CN113651796A - Preparation method of sertaconazole nitrate intermediate - Google Patents

Abstract

The invention discloses a preparation method of a sertaconazole nitrate intermediate, which takes cyclohexane as a reaction solvent, and leads 3-methyl-7-chlorobenzo [ b ] thiophene to react with a bromination reagent in the presence of benzoyl peroxide to generate 3-bromomethyl-7-chlorobenzo [ b ] thiophene. The invention uses cyclohexane as reaction solvent to carry bromination reaction for preparing 3-bromomethyl-7-chlorobenzo [ b ] thiophene. Cyclohexane is less toxic than carbon tetrachloride and does not react with ozone and destroy the atmosphere.
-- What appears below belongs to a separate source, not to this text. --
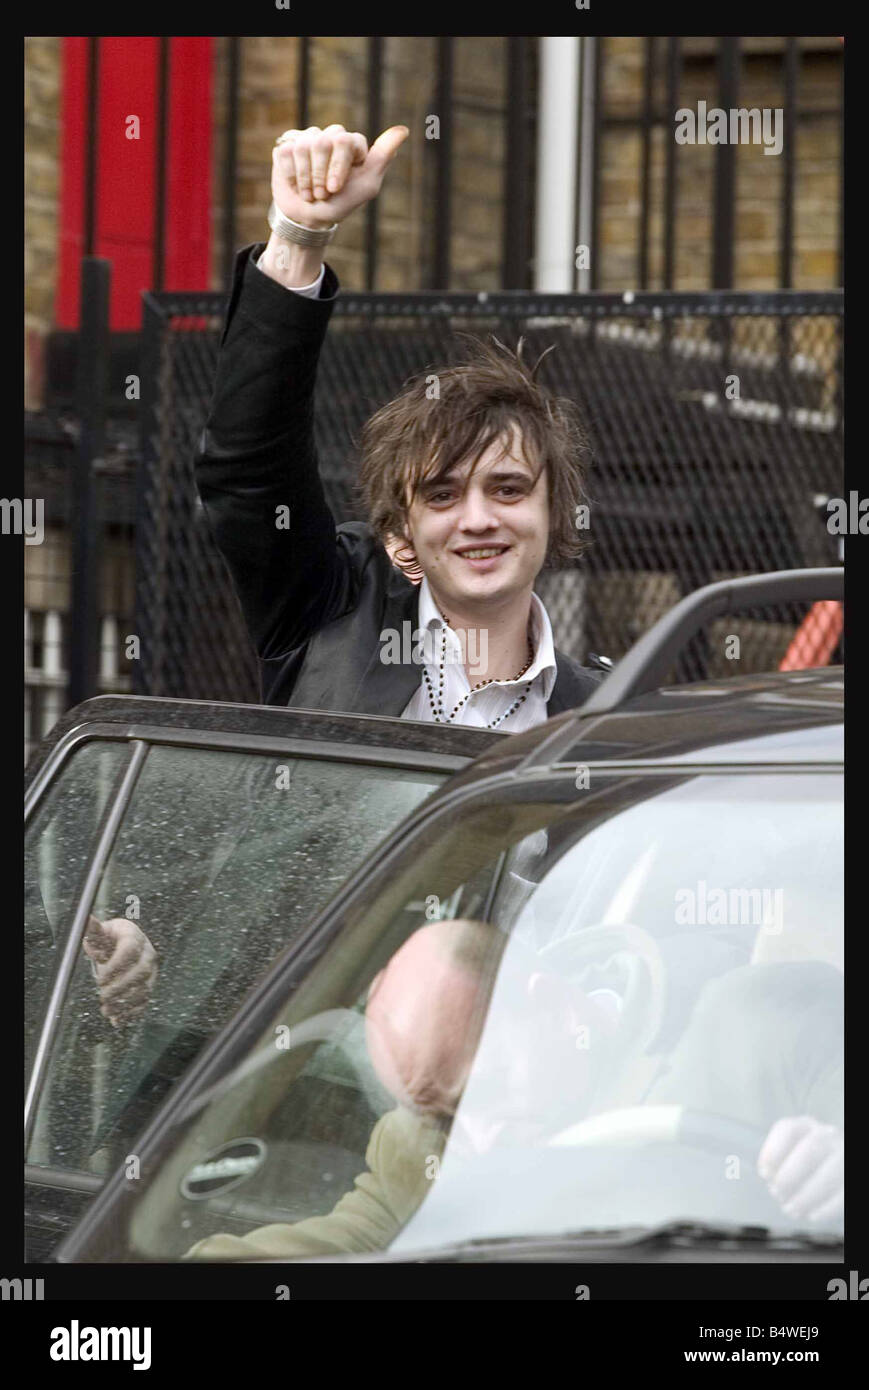 Babyshambles singer Pete Doherty has been given a 12 month community order after admitting possession of drugs The 26 year old was sentenced at Ealing Magistrates Court February 2006 Stock Photo

And the use of the method is not limited, and the method is more favorable for industrial production.

Description

Preparation method of sertaconazole nitrate intermediate

Technical Field

The invention relates to the technical field of preparation of medical intermediates, in particular to a preparation method of a sertaconazole nitrate intermediate.

Background

Sertaconazole nitrate, molecular formula: c₂₀H₁₅Cl₃N₂OS·HNO₃Chemical name 1- [2- (7-chlorobenzo [ b ]]Thiophen-3-yl) methoxy-2- (2, 4-dichlorobenzene) ethyl]-1H-imidazole nitrate, which is an artificial imidazole broad-spectrum antifungal drug and can be used for treating dermatophytes, microzyme and candidaAnd aspergillus has the effects of inhibiting and killing, and has strong antibacterial effect on gram-positive bacteria.
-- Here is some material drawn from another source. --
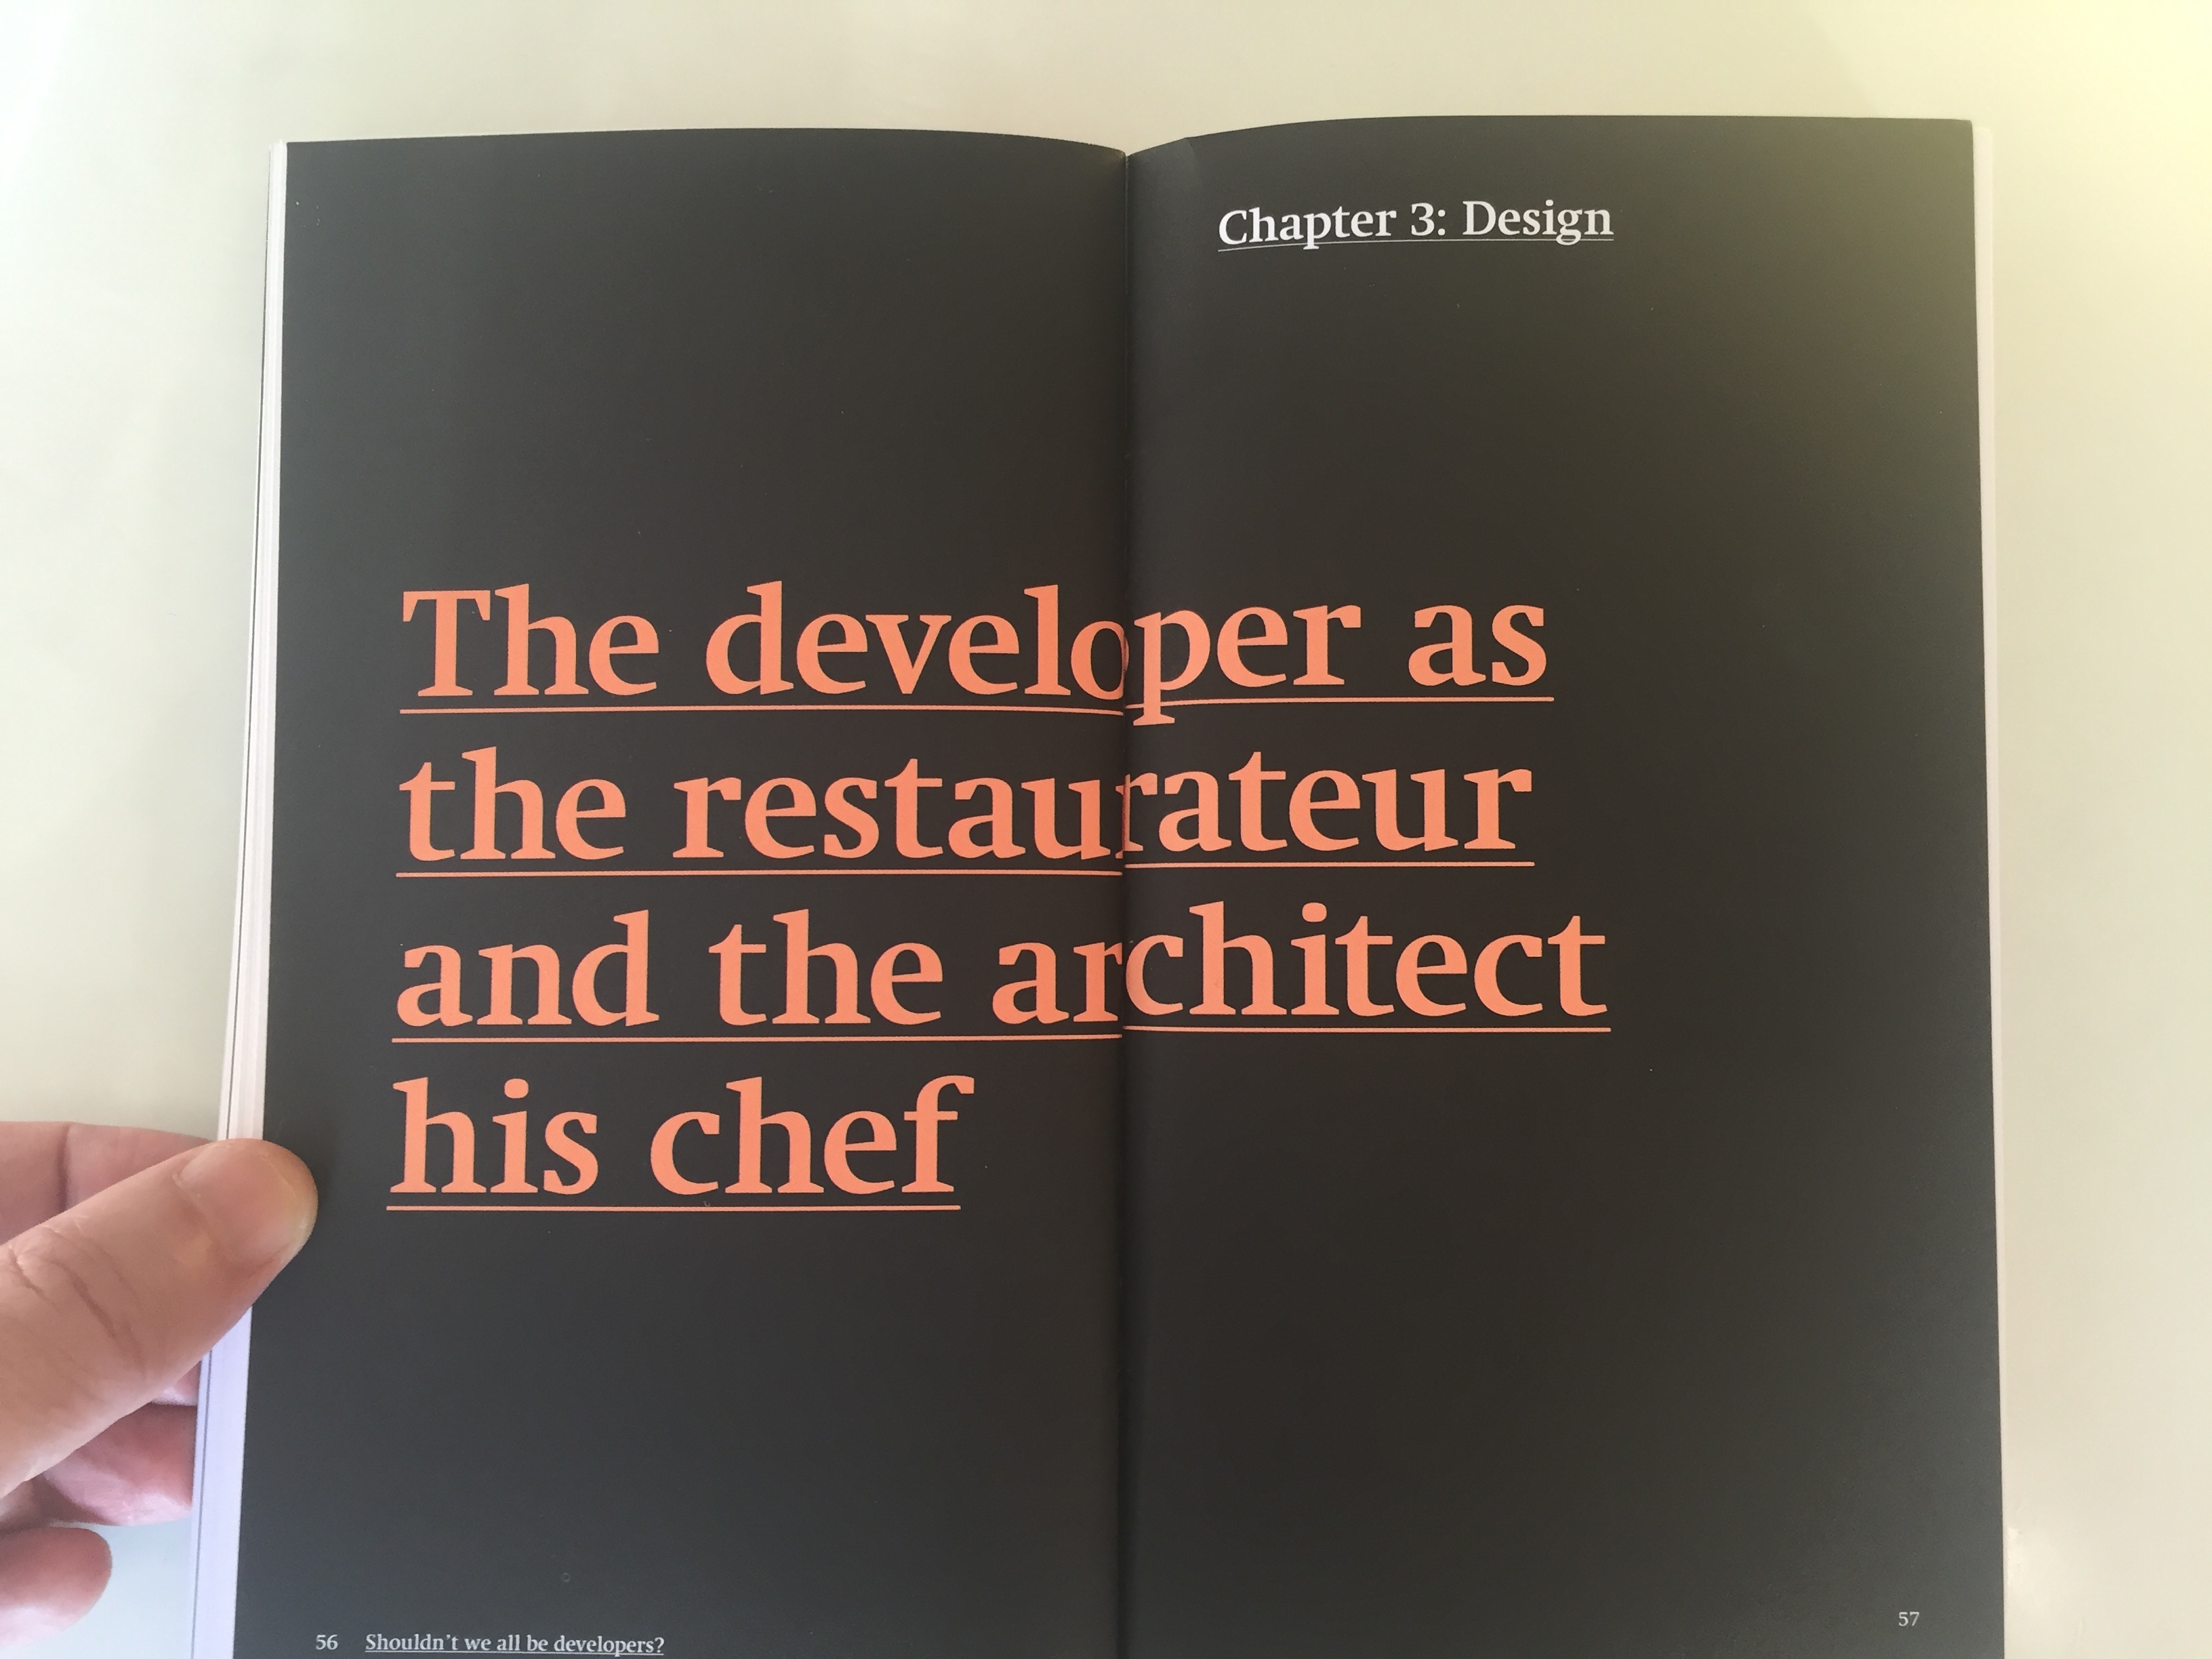 Shouldn't We All be Developers | Solidspace | Roger Zogolovitch | Architect as Developer | Architect and Developer | James Petty

The common synthesis process of sertaconazole nitrate is to make 1- (2, 4-dichlorobenzene) -2- (1-imidazole) ethanol and 3-bromomethyl-7-chlorobenzo [ b ] thiophene undergo the process of salt-forming reaction to prepare sertaconazole nitrate.

For the intermediate 3-bromomethyl-7-chlorobenzo [ b ] thiophene of sertaconazole nitrate, patent document CN112694470A describes the following preparation process: the 3-bromomethyl-7-chlorobenzo [ b ] thiophene is obtained by taking o-chlorothiophenol and chloropropanone as initial raw materials through acylation, cyclization and bromination. Wherein, in the bromination step, carbon tetrachloride is used as a reaction solvent.

As is well known, after carbon tetrachloride is volatilized, gas molecules react with ozone under illumination to consume the ozone, so that the ozone layer becomes thin and the whole atmosphere is damaged, and therefore, the use of carbon tetrachloride is gradually limited in practical industrial production due to the requirement of environmental protection.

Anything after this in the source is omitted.